Problems with Ethernet on PowerBook Wallstreet G3

Joseph Garcia jpgarcia at execpc.com
Thu Apr 13 04:10:02 EST 2000


Here's my observations on whats happening with my system (PDQ/300):

Any out-going FTP transfer maxes around 100K/s, and has potential to corrupt.
NFS, atalk, etc seem to be ok.  Incoming transfers also seem to be ok.  By
outgoing, I do mean out going.  Whether its with a server (wu or pro), or a
client, if the file originates from my powerbook, it has this common problem.

During the time of transfer, the collision light on the hub blares.  I have
tried this with a normal hub and a switch.  As far as I can tell, this would
mean it is colliding with itself.  How else could a switched hub get collisions
this prevalent?

Initially, I was thinking that this is a bug brought on by the BMAC+, a
sibling/upgrade to the BMAC that can do 100BT and full duplex.  I looked at the
driver, and one wait value was changed from a few hundred ms (early 2.2.x) to 10
ms.  I tried switching it back, but there was no change.  so its not that.
Anything else that could be causing it?  I don't remember this problem with
earlier 2.2 kernels.  Anyone confirm this?  2.1.x maybe?
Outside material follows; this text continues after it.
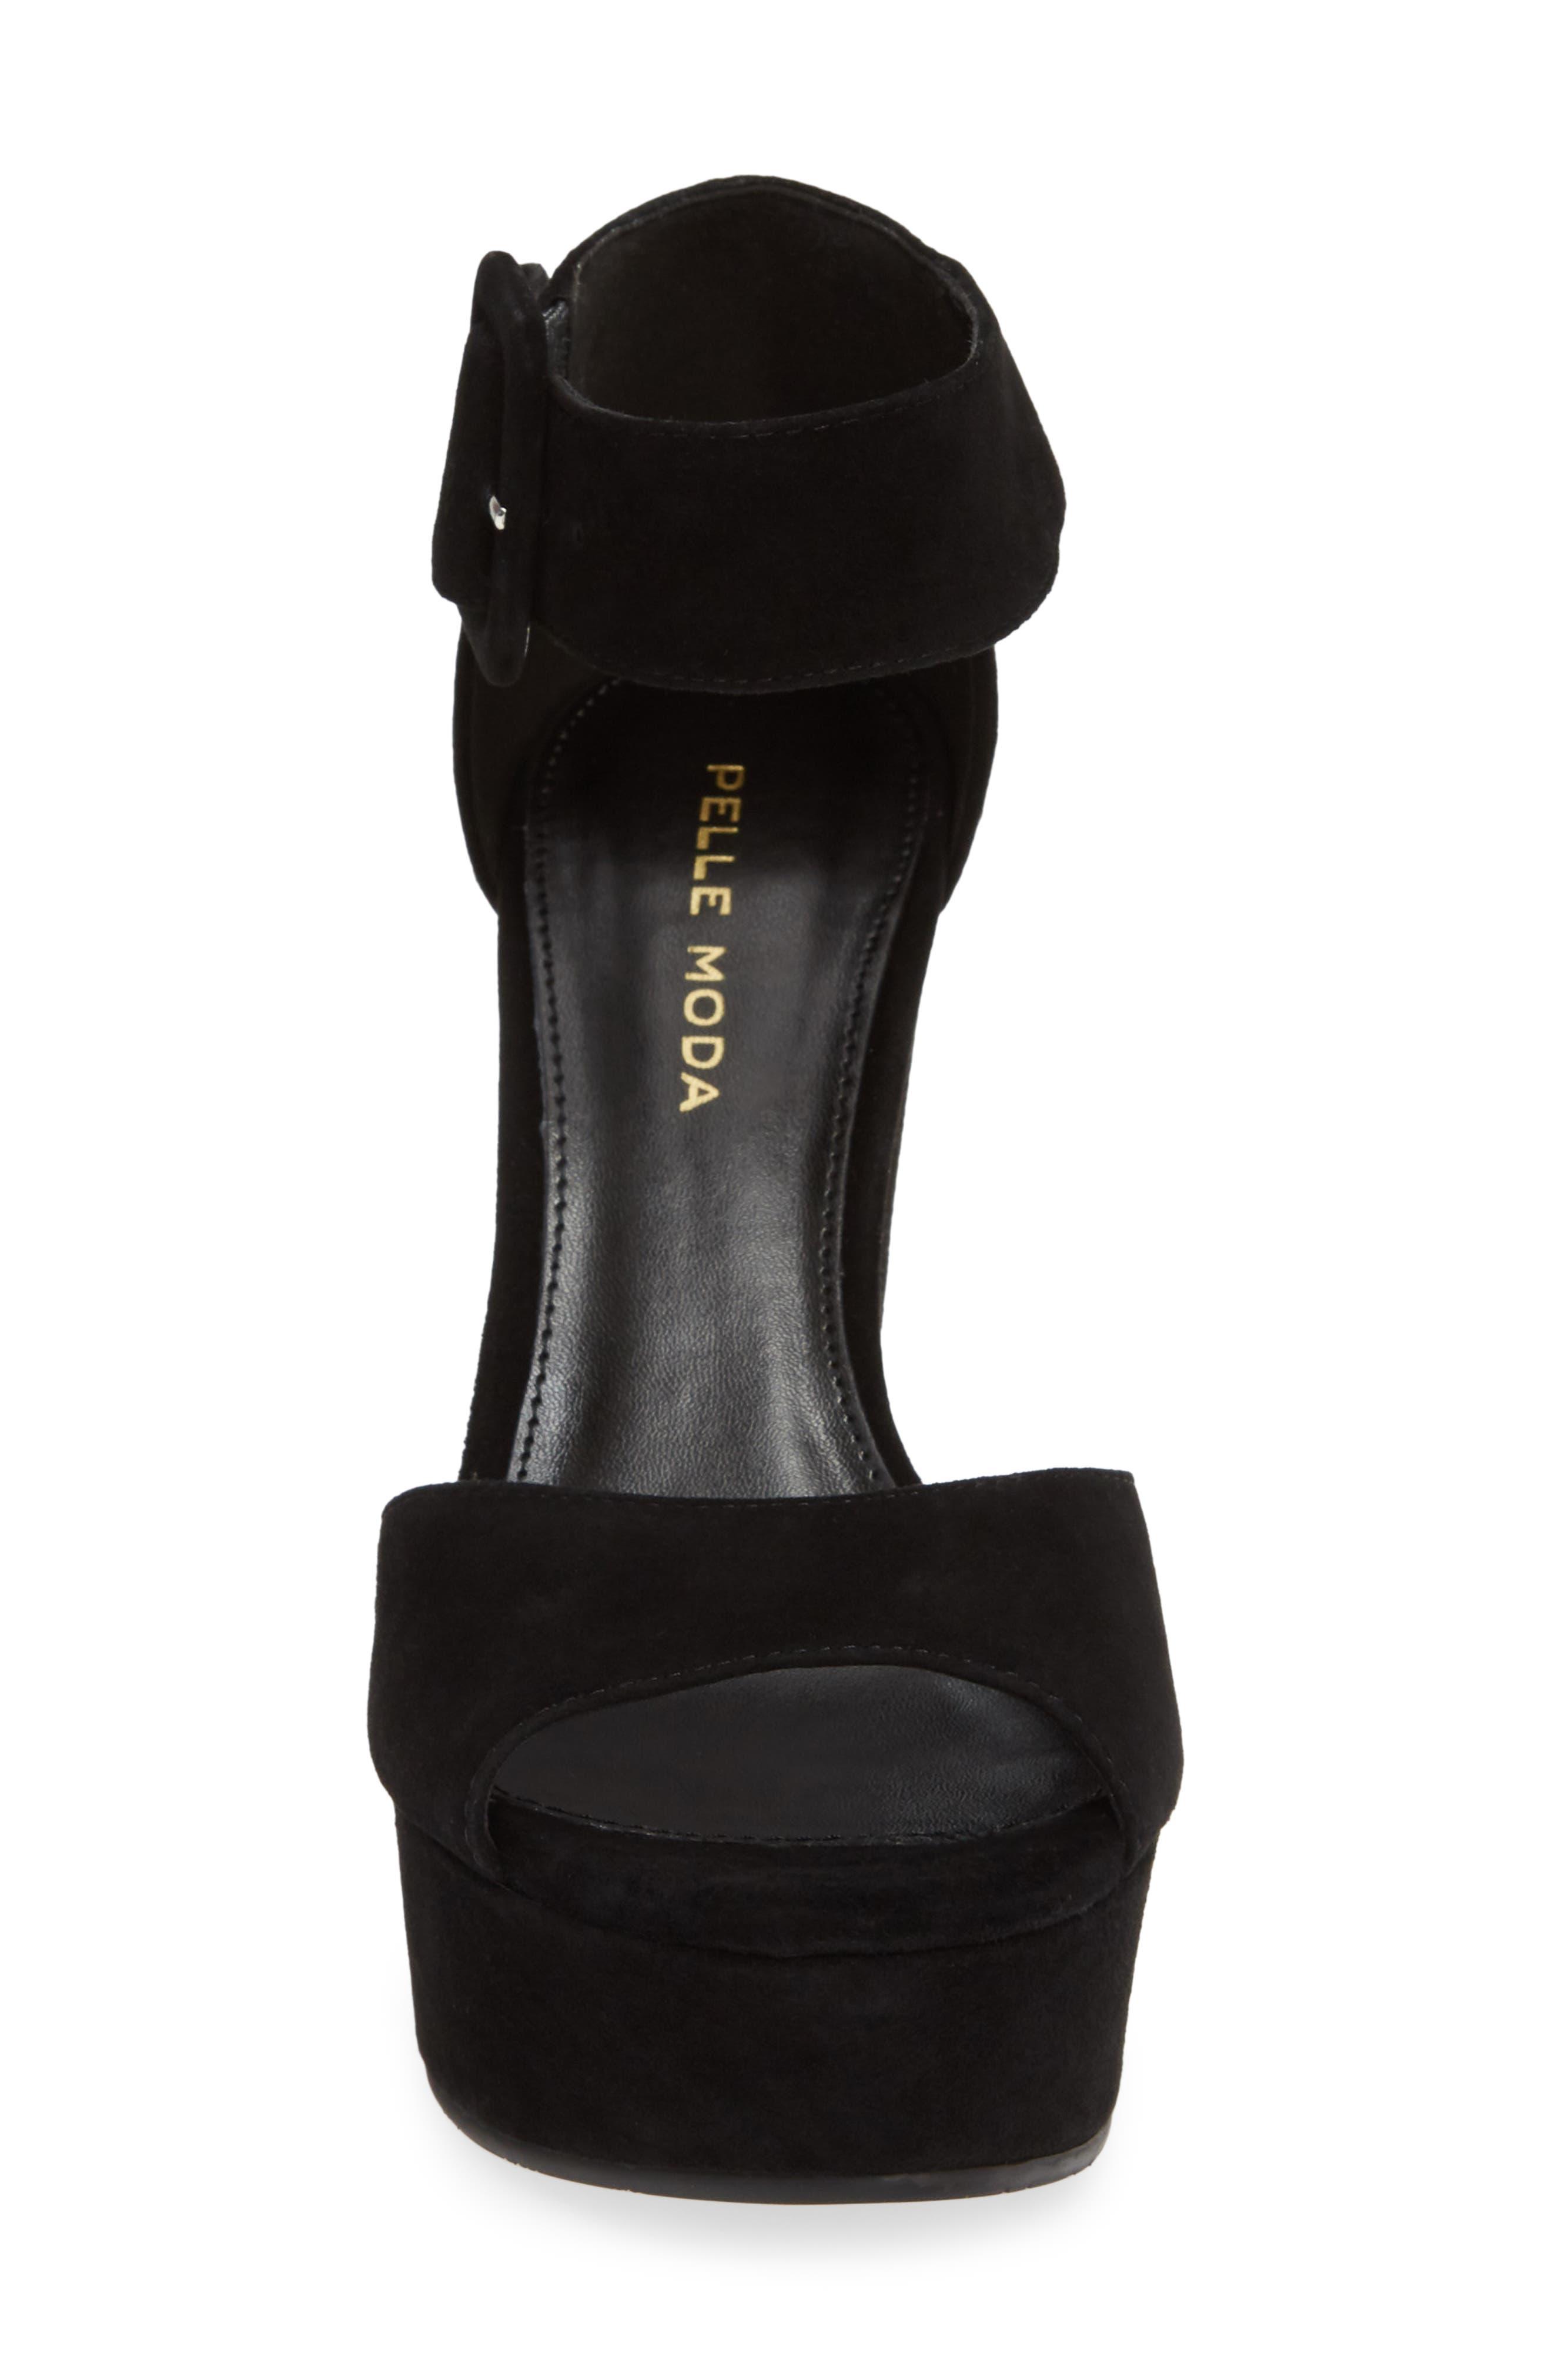 Ojai Platform Wedge Sandal,                             Alternate thumbnail 4, color,                             BLACK SUEDE
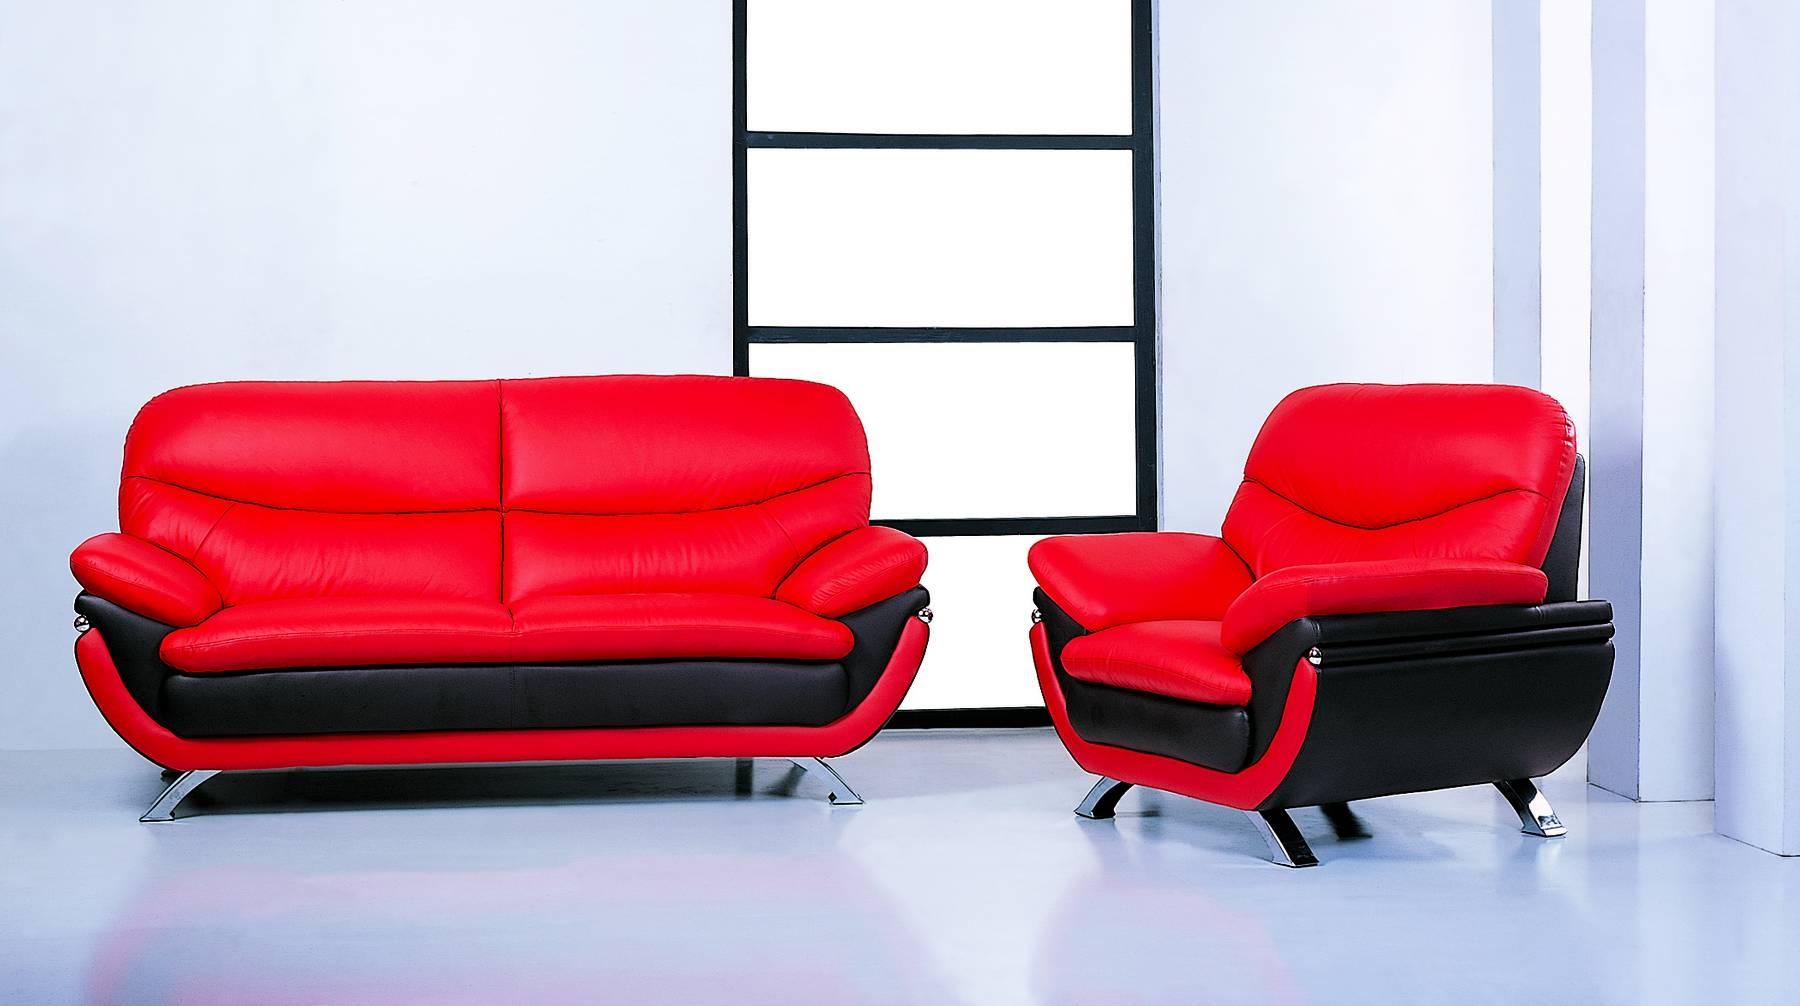 Jonus Red/black Sofa Jonus Beverly Hills Furniture Leather Sofas Pertaining To Black And Red Sofa Sets (View 2 of 15)

I severly doubt it is a pure TCP problem, because ftp using the lo device
regards high return.  The only possible cause is the BMAC driver IMO.  But how
would it only effect FTP outgoing?  I've heard that FTP uses raw bandwidth, so
does that mean it uses some low level handshaking that nothing else uses, and
depends on the file's host?   So where do FTP-out and BMAC collide in such a way
that it doesnt affect lo, nor incoming files?

Sorry if I'm ranting.

Is this info any help?

--
Joseph P. Garcia      jpgarcia at execpc.com      jpgarcia at lidar.ssec.wisc.edu
CS Undergraduate                      Student Employee - Systems Programmer
University of Wisconsin - Madison                            UW Lidar Group

"Did you ever notice how the Chinese Abacus, with 2 '5' beads and 5 '1'
beads, is perfect for hexidecimal math?"